I’m sure this is not a venue for particularly breaking news about anything, let alone the Arrested Development movie. For example, you may have already known that  the nine or ten episodes planned to hit Netflix prior to the movie’s release are actually episodes following the main characters’ paths in the time period between the show’s finale and the movie itself. However, my podcast obsession may have given me a slightly early hint at what might be in store in the movie itself; specifically, in the latest episode of WTF with Marc Maron, Michael Cera indicated that the movie might take place in “real time” relative to when the show ended in 2006. So that means the characters would have aged six or seven years by the time the episodes air and the movie gets released. Pretty ballsy, but then again, what show could accomplish it if not Arrested Development. Also, it would be pretty tough to imagine George Michael as a 12 year old, regardless of how much of an immortal/vampiric babyface Cera is.

And in other Arrested Development news, fans of Justin Grant Wade (aka Steve Holt!) have started a “Save Steve Holt!” online movement (though movement may be a bit strong of a word given that nobody involved has probably moved away from their keyboard in enlisting). Citing the fact that Wade has not been contacted about reprising his role as Steve Holt! (I think the exclamation point is on his birth certificate), the fans infer that there aren’t yet plans to include this Bluth in the family reunion. And if that last sentence was a spoiler, shame on you.
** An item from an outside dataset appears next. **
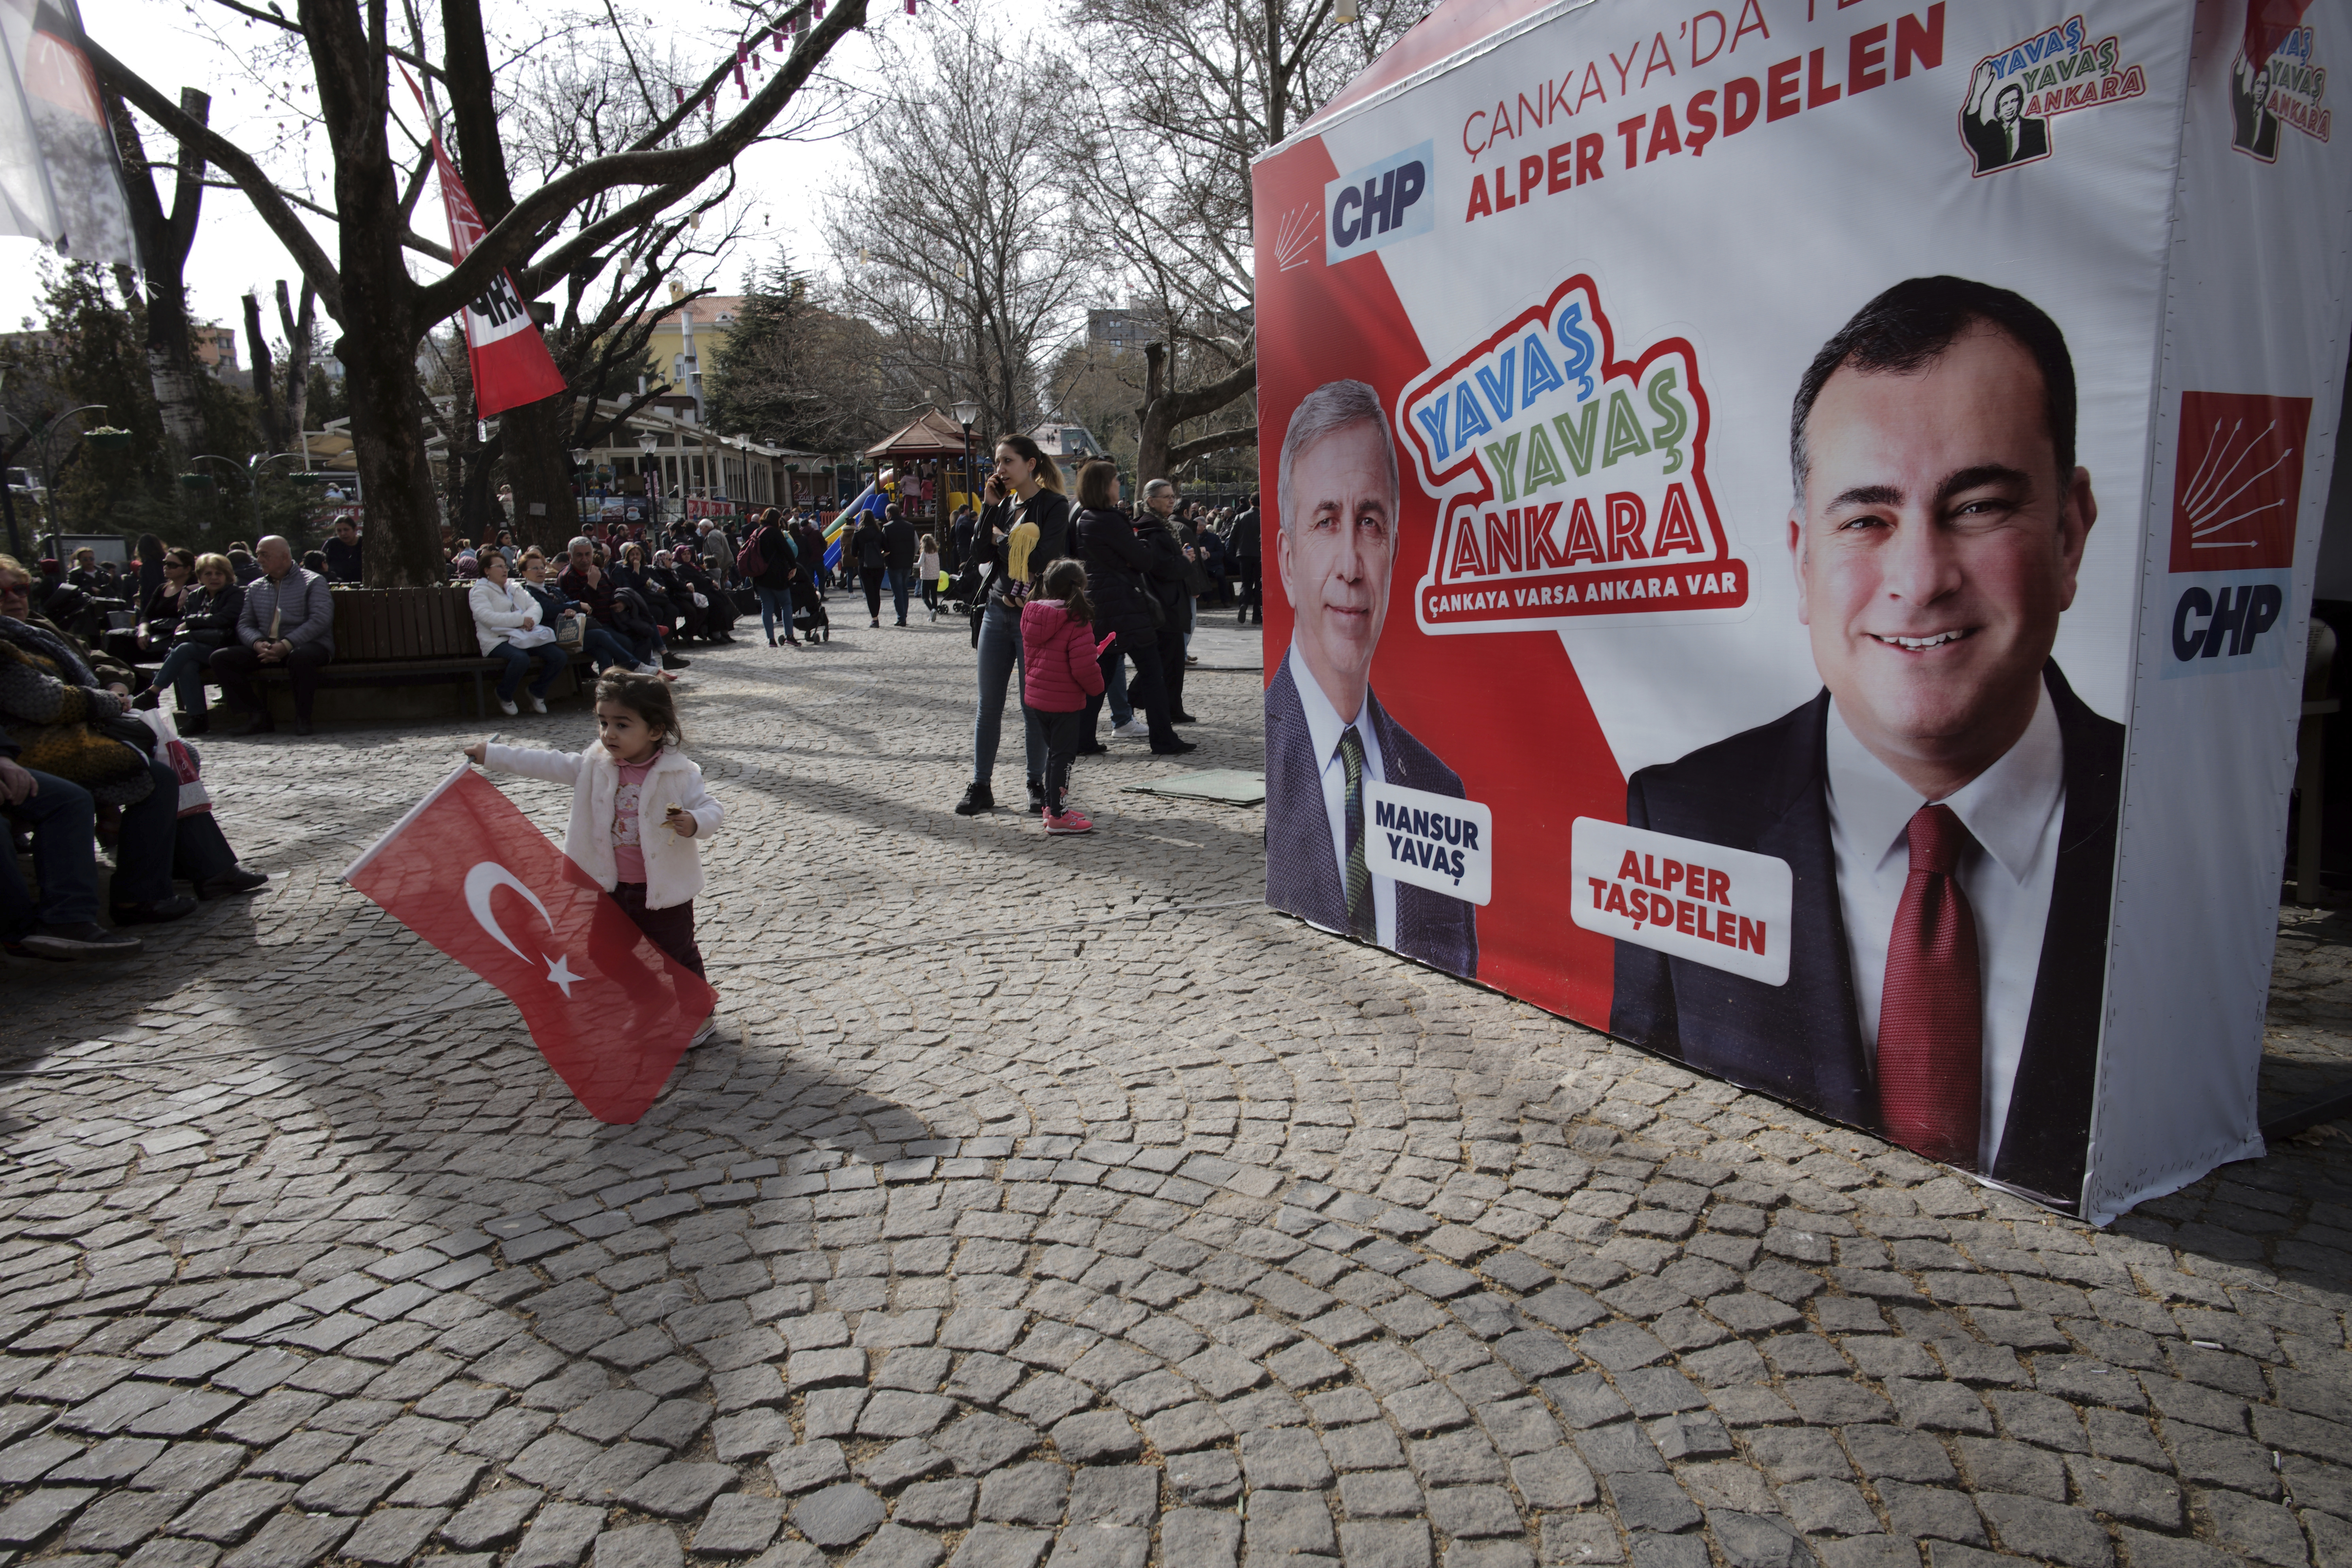 Billboards for the candidates of Turkey's main opposition bloc, Mansur Yavas for Ankara Metropole, left, and Alper Tasdelen for Cankaya district, in Ankara, Turkey.

As much as I liked the character arc of Steve Holt!, and as much as I think it would be frivolously easy to throw him into a background scene as an Easter egg if nothing else, I do somewhat resent the presumptuousness of the fans that think they should have any creative say in how the show gets reinstated. If anything, I think Arrested Development is the paradigmatic example of a situation where studios should just leave the creativity to the creative people and leave them the fuck alone. Such was the approach that led to every classically great work of art prior to the industrial revolution; you had benign patrons who allowed the creative juices to flow without the need for studio “notes” or standards and practices (though the inherent threat of execution at displeasing a monarch may have been an implicit form of note-giving, I suppose–those who would roil the throne simply had to be more artful in doing so, or risk exile).

That’s part of why I’m excited that Netflix has adopted the role of benign patron for Arrested Development. Netflix now provides yet another method of circumventing the studios’ control over creative productions, in the same way that Louie C.K. and now Aziz Ansari have taken their work straight to the fans without intermediation. The more power and the means of production and distribution are dispersed, the more art can stay true to the original creative vision, no matter how specific or unpopular that vision may be. By simply bypassing those who occupy positions of censorship, art is better distributed. For yet another example, “Bully” is being released by the Weinsteins without a rating by the MPAA in the face of the ridiculous decision/threat to give it an ‘R’ rating for the use of profanity uttered by minors and which was uncoincidentally the whole point of the movie (and bravo to AMC Theaters for allowing kids to enter with permission slips from their parents).

That being said, and in all fairness to the movie studios, when you’re pouring millions of dollars into an investment, it makes sense to try and be sure that what you’re making is going to recoup an investment. See, e.g., John Carter and the $200 million loss from Mars.